Вопрос (и весь крик) был очень бестолков. Но Вельчанинов догадался об этом, уже прокричав. На крик этот – господин оборотился, на минуту приостановился, потерялся, улыбнулся, хотел было что-то проговорить, что-то сделать, с минуту, очевидно, был в ужаснейшей нерешимости и вдруг – повернулся и побежал прочь без оглядки. Вельчанинов с удивлением смотрел ему вслед.
«А что? – подумал он, – что, если и в самом деле не он ко мне, а я, напротив, к нему пристаю, и вся штука в этом?»
Пообедав, он поскорее отправился на дачу к чиновнику. Чиновника не застал; ответили, что «с утра не возвращались, да вряд ли и возвратятся сегодня раньше третьего или четвертого часу ночи, потому что остались в городе у именинника». Уж это было до того «обидно», что, в первой ярости, Вельчанинов положил было отправиться к имениннику и даже в самом деле поехал; но, сообразив на пути, что заходит далеко, отпустил середи дороги извозчика и потащился к себе пешком, к Большому театру. Он чувствовал потребность моциона. Чтоб успокоить взволнованные нервы, надо было ночью выспаться во что бы то ни стало, несмотря на бессонницу; а чтоб заснуть, надо было по крайней мере хоть устать. Таким образом, он добрался к себе уже в половине одиннадцатого, ибо путь был очень не малый, – и действительно очень устал.

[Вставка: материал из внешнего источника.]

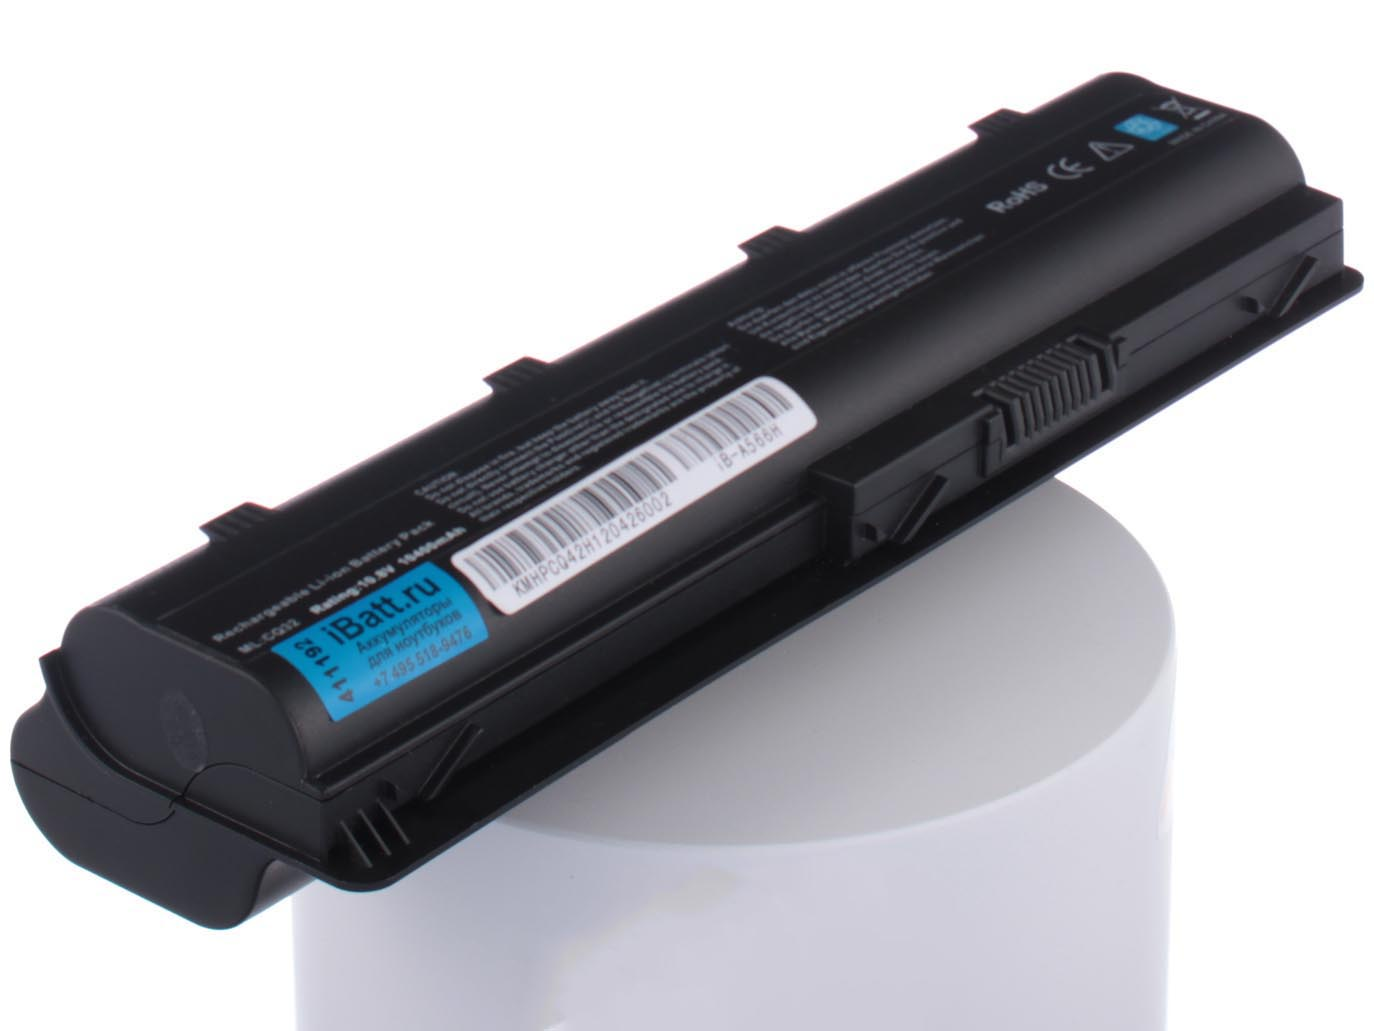 Аккумулятор для ноутбука iBatt для HP-Compaq G62-b12ER, Pavilion g7-1102er, Pavilion g7-1352er, Pavilion dv6-3105er, Pavilion dv6-6029er, Pavilion dv6-6b02er, Pavilion g6-2051er, Pavilion dv7-4100er, Pavilion dv7-6052er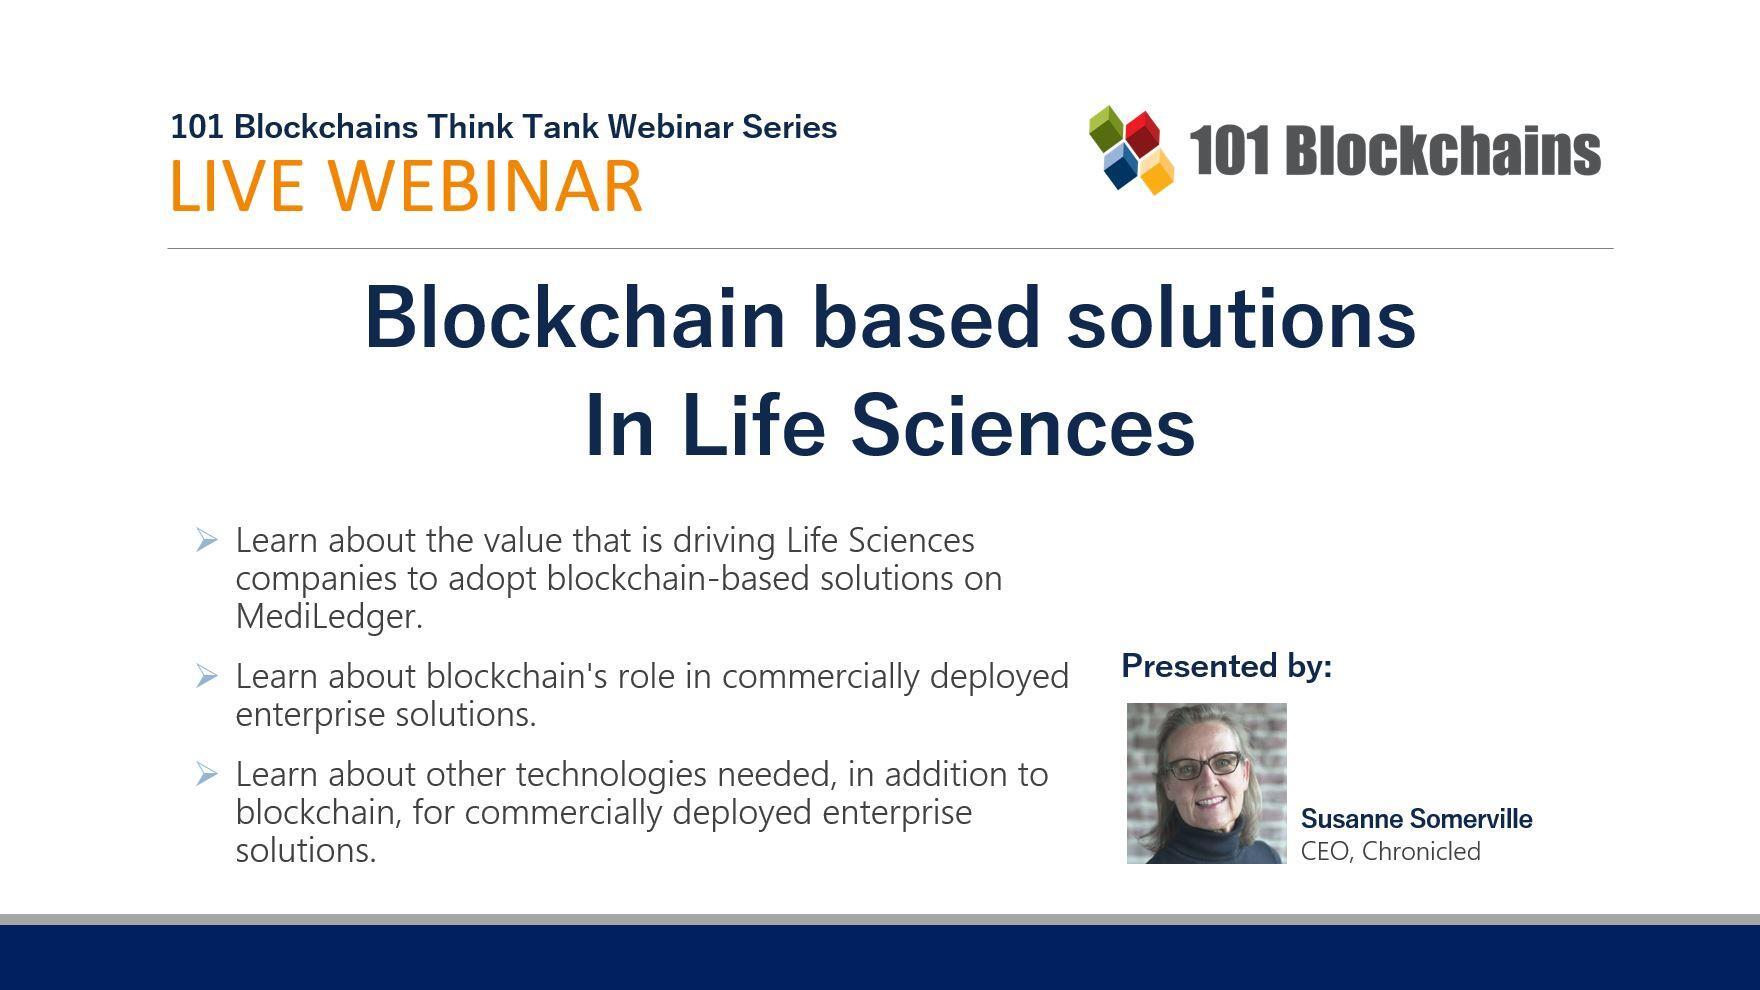 Blockchain based solutions in Life Sciences Webinar

Нанятая им в марте месяце квартира его, которую он так злорадно браковал и ругал, извиняясь сам перед собою, что «все это на походе» и что он «застрял» в Петербурге нечаянно, через эту «проклятую тяжбу», – эта квартира его была вовсе не так дурна и не неприлична, как он сам отзывался об ней. Вход был действительно несколько темноват и «запачкан», из-под ворот; но самая квартира, во втором этаже, состояла из двух больших, светлых и высоких комнат, отделенных одна от другой темною переднею и выходивших, таким образом, одна на улицу, другая во двор. К той, которая выходила окнами во двор, прилегал сбоку небольшой кабинет, назначавшийся служить спальней; но у Вельчанинова валялись в нем в беспорядке книги и бумаги; спал же он в одной из больших комнат, той самой, которая окнами выходила на улицу. Стлали ему на диване. Мебель у него стояла порядочная, хотя и подержанная, и находились, кроме того, некоторые даже дорогие вещи – осколки прежнего благосостояния: фарфоровые и бронзовые игрушки, большие и настоящие бухарские ковры; даже две недурные картины; но все было в явном беспорядке, не на своем месте и даже запылено, с тех пор как прислуживавшая ему девушка, Пелагея, уехала на побывку к своим родным в Новгород и оставила его одного. Этот странный факт одиночной и девичьей прислуги у холостого и светского человека, все еще желавшего соблюдать джентльменство, заставлял почти краснеть Вельчанинова, хотя этой Пелагеей он был очень доволен. Эта девушка определилась к нему в ту минуту, как он занял эту квартиру весной, из знакомого семейного дома, отбывшего за границу, и завела у него порядок. Но с отъездом ее он уже другой женской прислуги нанять не решился; нанимать же лакея на короткий срок не стоило, да он и не любил лакеев. Таким образом и устроилось, что комнаты его приходила убирать каждое утро дворничихина сестра Мавра, которой он и ключ оставлял, выходя со двора, и которая ровно ничего не делала, деньги брала и, кажется, воровала. Но он уже на все махнул рукой и даже был тем доволен, что дома остается теперь совершенно один. Но все до известной меры – и нервы его решительно не соглашались иногда, в иные желчные минуты, выносить всю эту «пакость», и, возвращаясь к себе домой, он почти каждый раз с отвращением входил в свои комнаты.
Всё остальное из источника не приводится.